[pandas learning notes 01] powerful tool set for analyzing structured data

Time:2021-12-2

Author: Huan Hao

Source:Hang Seng light cloud community

Background introduction

In the process of quantitative analysis, we always need to use a large number of data bases to mine the association between data, and finally find the data we need. Data analysis only through Python is very complex. Is there a simpler tool to help us analyze data efficiently and quickly?

Today we will introduce pandas, a powerful tool set for analyzing structured data.

This article is mainly for students who have a certain Python syntax foundation. Students who need to learn Python can find tutorials in the community to recharge(https://developer.hs.net/cour…)。

[pandas learning notes 01] powerful tool set for analyzing structured data

Basic concepts

PandasLibrary is a free and open-source third-party Python library. It is one of the indispensable tools for Python data analysis. It provides Python data analysis with high-performance and easy-to-use data structures, namely series and dataframe.

PandasThe use basis is numpy (providing high-performance matrix operation); It is used for data mining and data analysis, and also provides data cleaning function.

PandasThe library is based on the python numpy library, so it can be used with Python’s scientific computing library.

PandasSince its birth, it has been applied in many fields, such as finance, statistics, social science, construction engineering and so on.

Through the above introduction, we must have a basic understanding of what pandas does.
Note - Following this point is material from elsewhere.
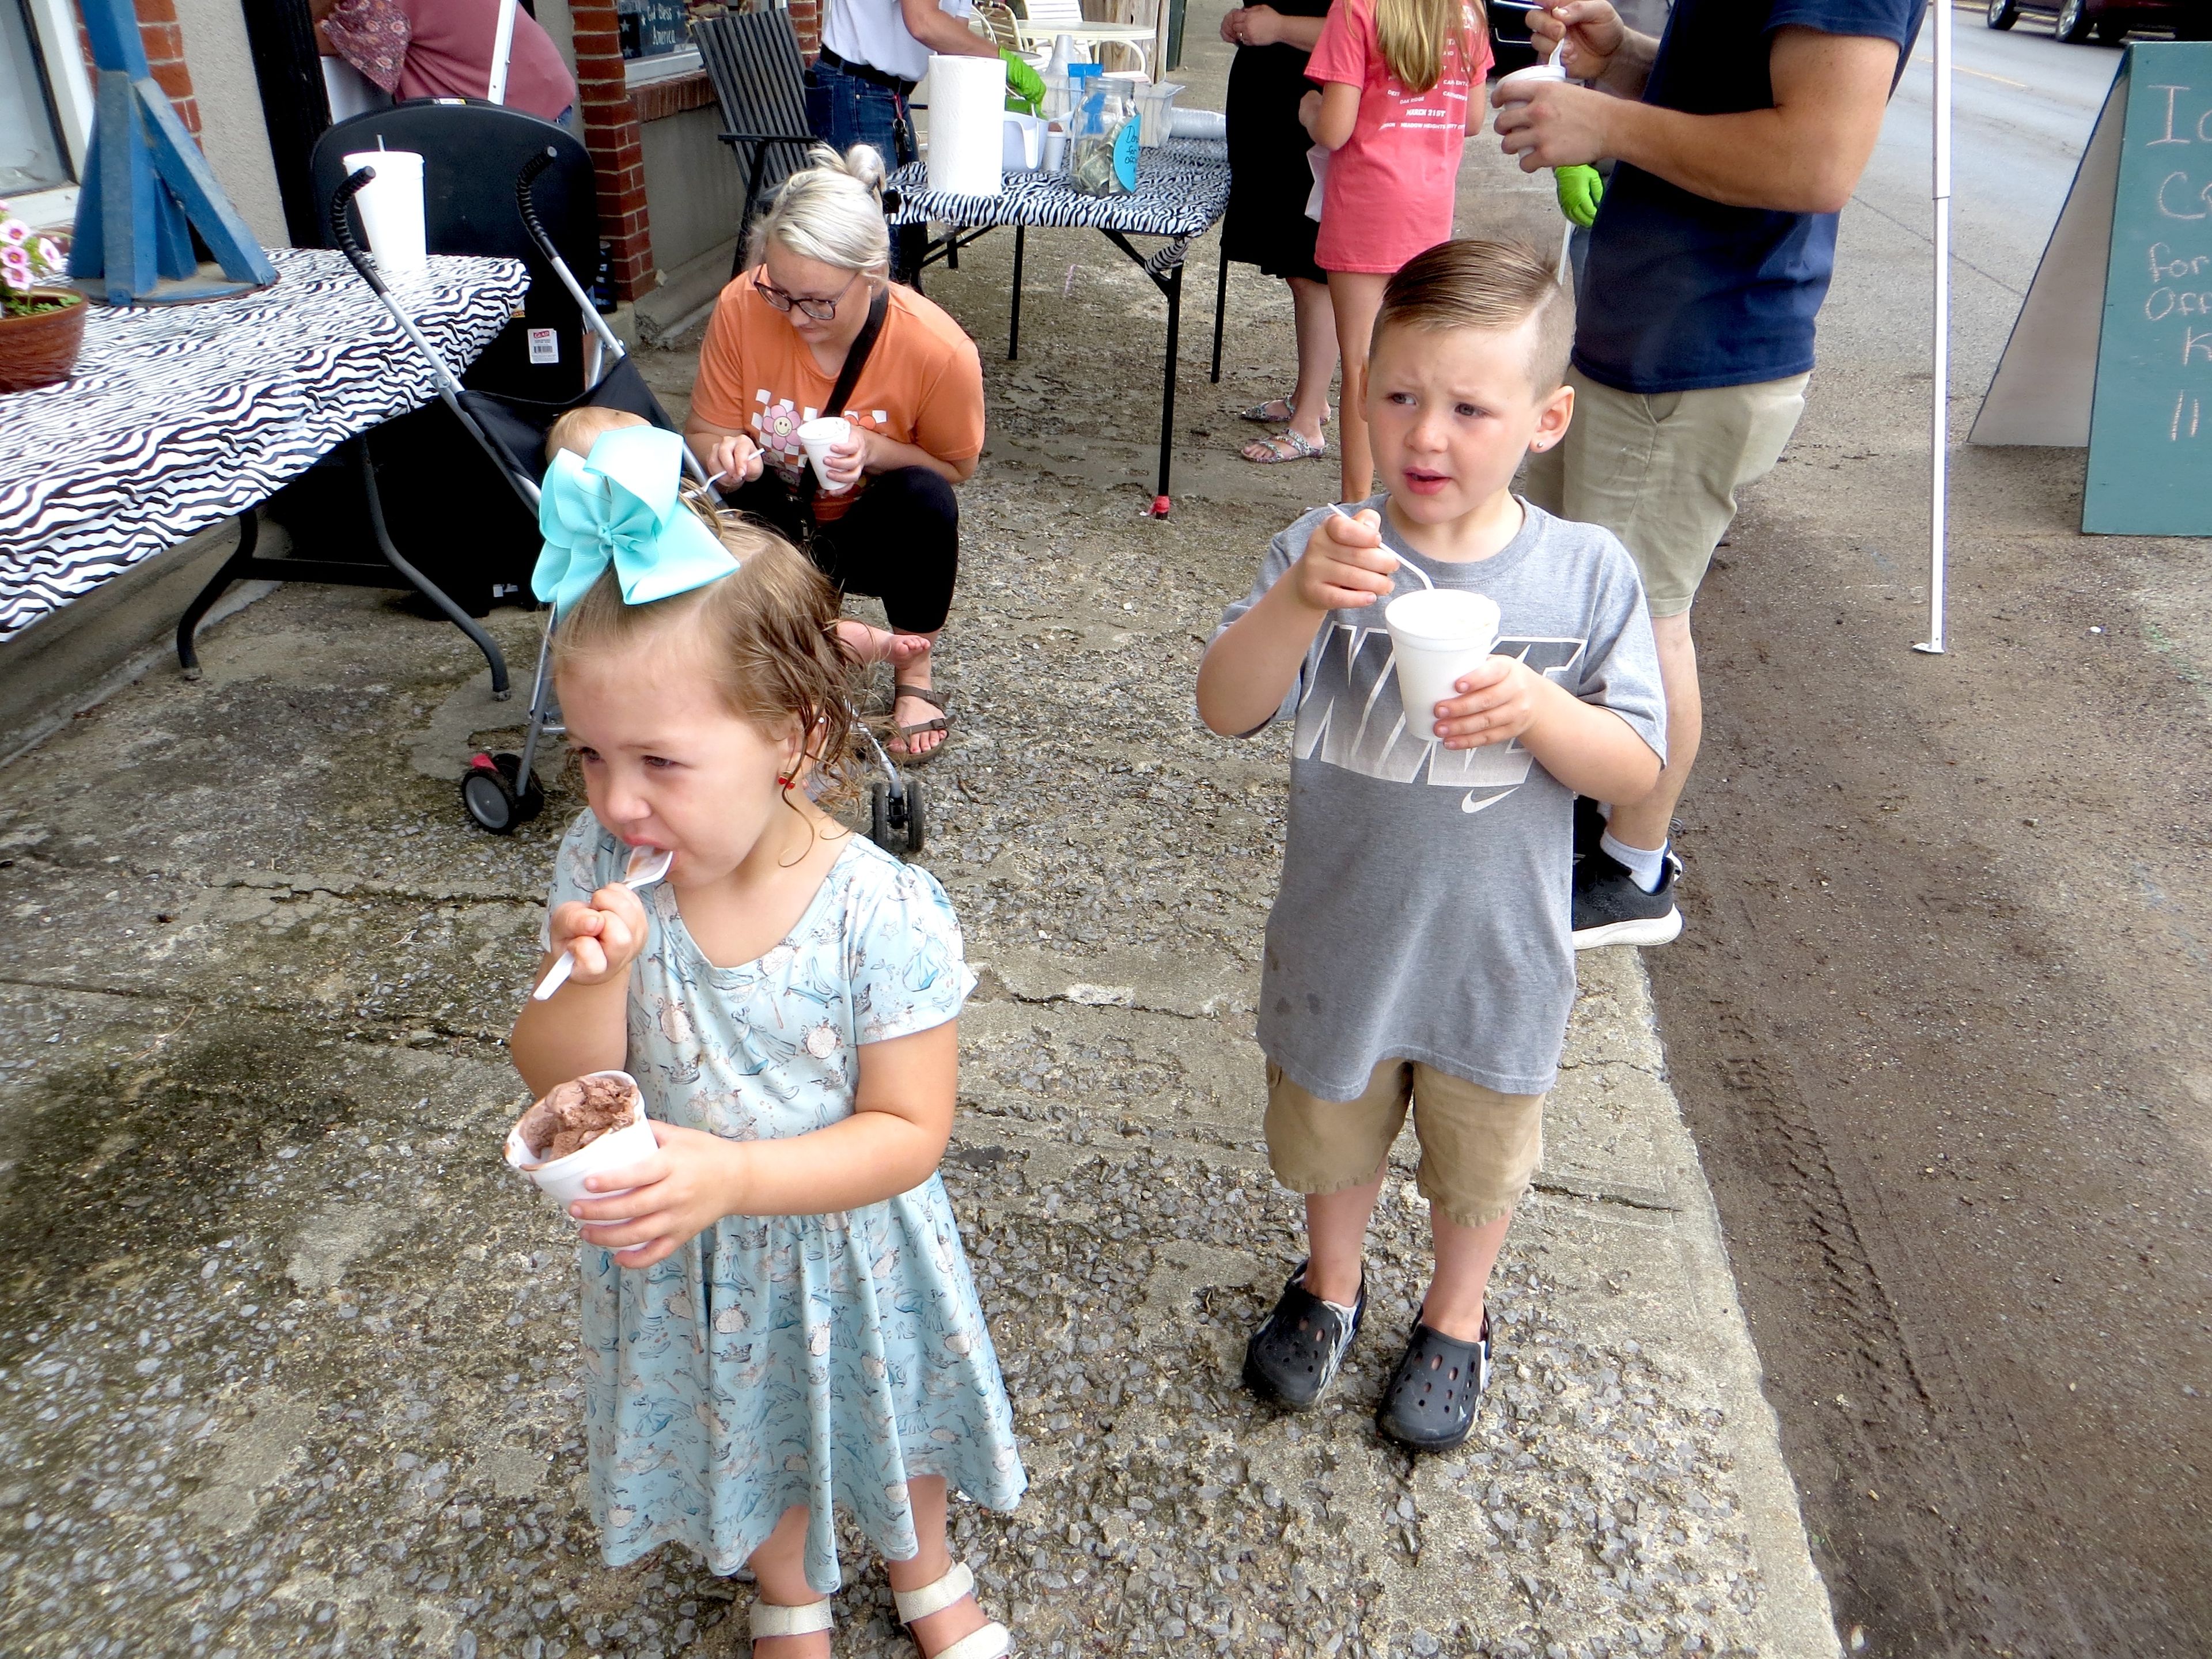 
Laken and River Cook of Marble Hill enjoy ice cream while their mother, Taylor Cook, offers baby Rowdy a few bites.
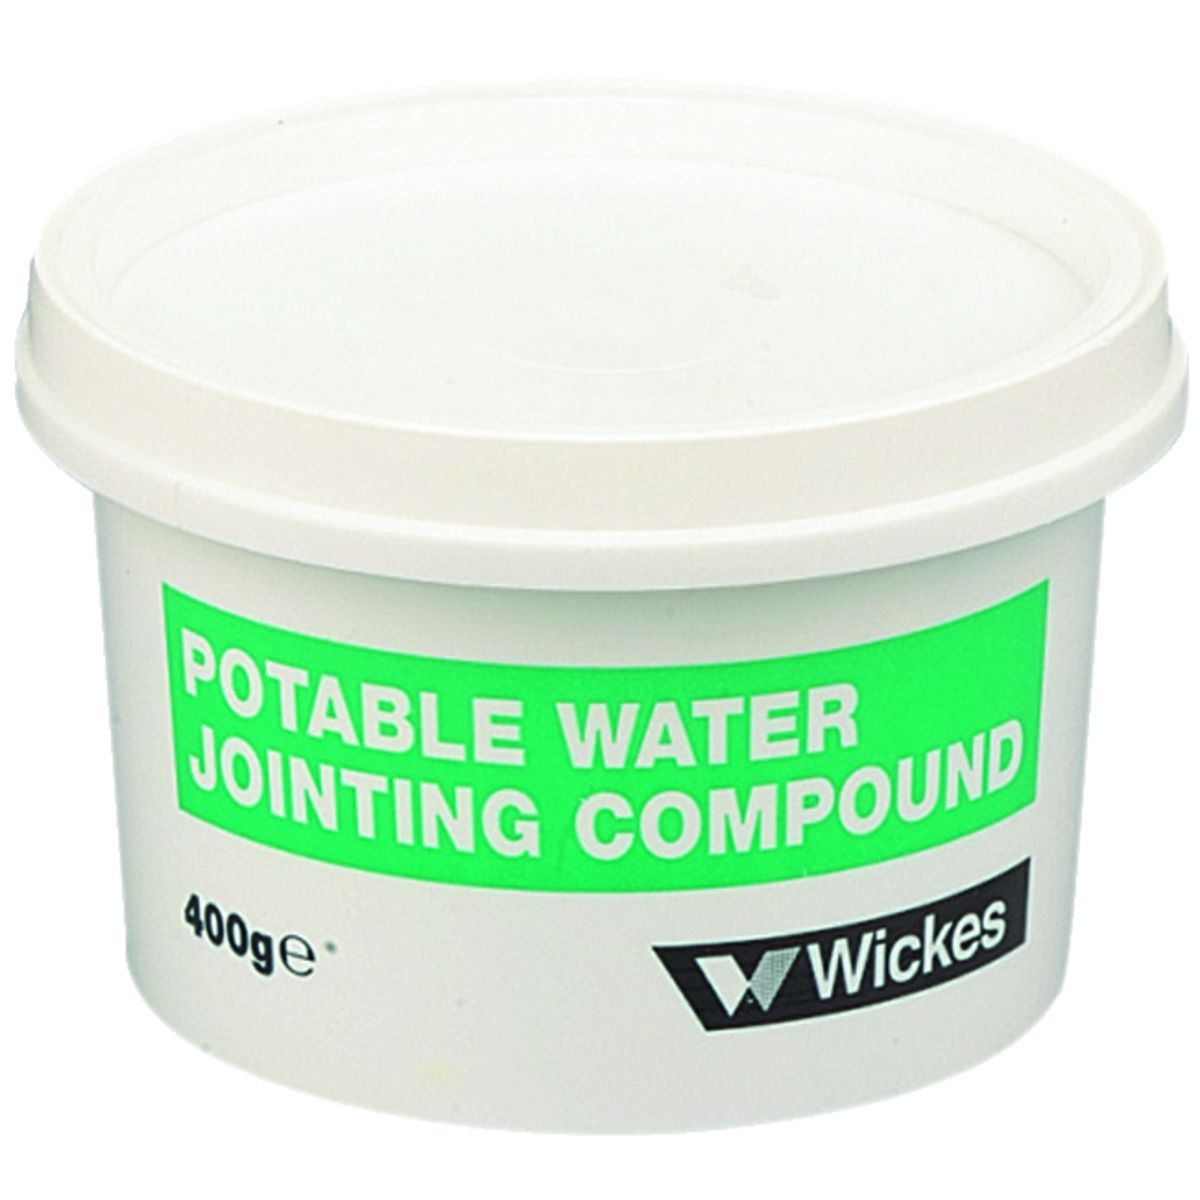 Image of Wickes Potable Water System Jointing Compound - 400g

Pandas is equivalent to excel in Python: it uses tables (that is, dataframe) and can make various transformations on data, but it also has many other functions.

data structure

DataFrame

Dataframe is a tabular data structure. It contains a set of ordered columns. Each column can be of different value types (numeric value, string, Boolean value). Dataframe has both row indexes and column indexes. It can be regarded as a dictionary composed of series (using a common index).

[pandas learning notes 01] powerful tool set for analyzing structured data

The construction method of dataframe is as follows:

pandas.DataFrame( data, index, columns, dtype, copy)

Parameter Description:

  • data: a set of data (darray, series, map, lists, dict, etc.).
  • index: index value, or can be called row label.
  • columns: column label. The default is rangeindex (0, 1, 2,…, n).
  • dtype: data type.
  • copy: copy data. The default value is false.

Series

Series is similar to a column in a table, similar to a one-dimensional array, and can hold any data type.

[pandas learning notes 01] powerful tool set for analyzing structured data

Series consists of an index and a column. The functions are as follows:

pandas.Series( data, index, dtype, name, copy)

Parameter Description:

  • data: a set of data (type ndarray).
  • index: data index label. If it is not specified, it starts from 0 by default.
  • dtype: data type. You can judge by yourself by default.
  • name: set the name.
  • copy: copy data. The default value is false.

Get started quickly

Introduction component

Introduce pandas components into the code:

import pandas as pd

If it cannot be imported, there is a problem with the environment configuration or you haven’t downloaded it at all. Download the components in the following ways:

pip install Pandas

Series object operations

Create a series object through the series() function, which can call corresponding methods and properties:

import pandas as pd
import numpy as np
data = np.array(['a','b','c','d'])
s = pd.Series(data)
print (s)

Dataframe object operation

adoptDataFrame()The syntax format for creating objects is as follows:

import pandas as pd
data = [1,2,3,4,5]
df = pd.DataFrame(data)
print(df)

Read file data

Can passread_csv()Function on local.csvFormat file to read:

data = pd.read_csv('file.csv')
data = pd.read_csv('file.csv', nrows=1000, skiprows=[1,5], encoding= gbk)

Parameter meaning:

  • 'file.csv': indicates the read file name, which can be added to the system location for reading
  • nrows: indicates the number of rows of data before reading
  • skiprows: indicates that the number of unread lines will be automatically skipped when reading the file.
  • encoding: indicates the encoding format of the read file

Andread_csv, there are similar methodsread_excelRead excel file data.

Write file data

PandasProvidedto_csv()The function is used toDataFrameConvert toCSVdata If you want toCSVTo write data to a file, just pass a file object to the function. Otherwise,CSVThe data will be returned in string format.

data.to_csv(‘my_new_file.csv’, index=None)

Parameter meaning:

  • index: indicates whether an index needs to be added. The index will be added automatically by default

Andto_csv, there are similar methodsto_excelWrite excel file data.

summary

This article mainly introduces the basic knowledge of pandas toolset. Learning pandas can help us quickly process and analyze data. Practical operations will continue to be updated in the future. Please look forward to it.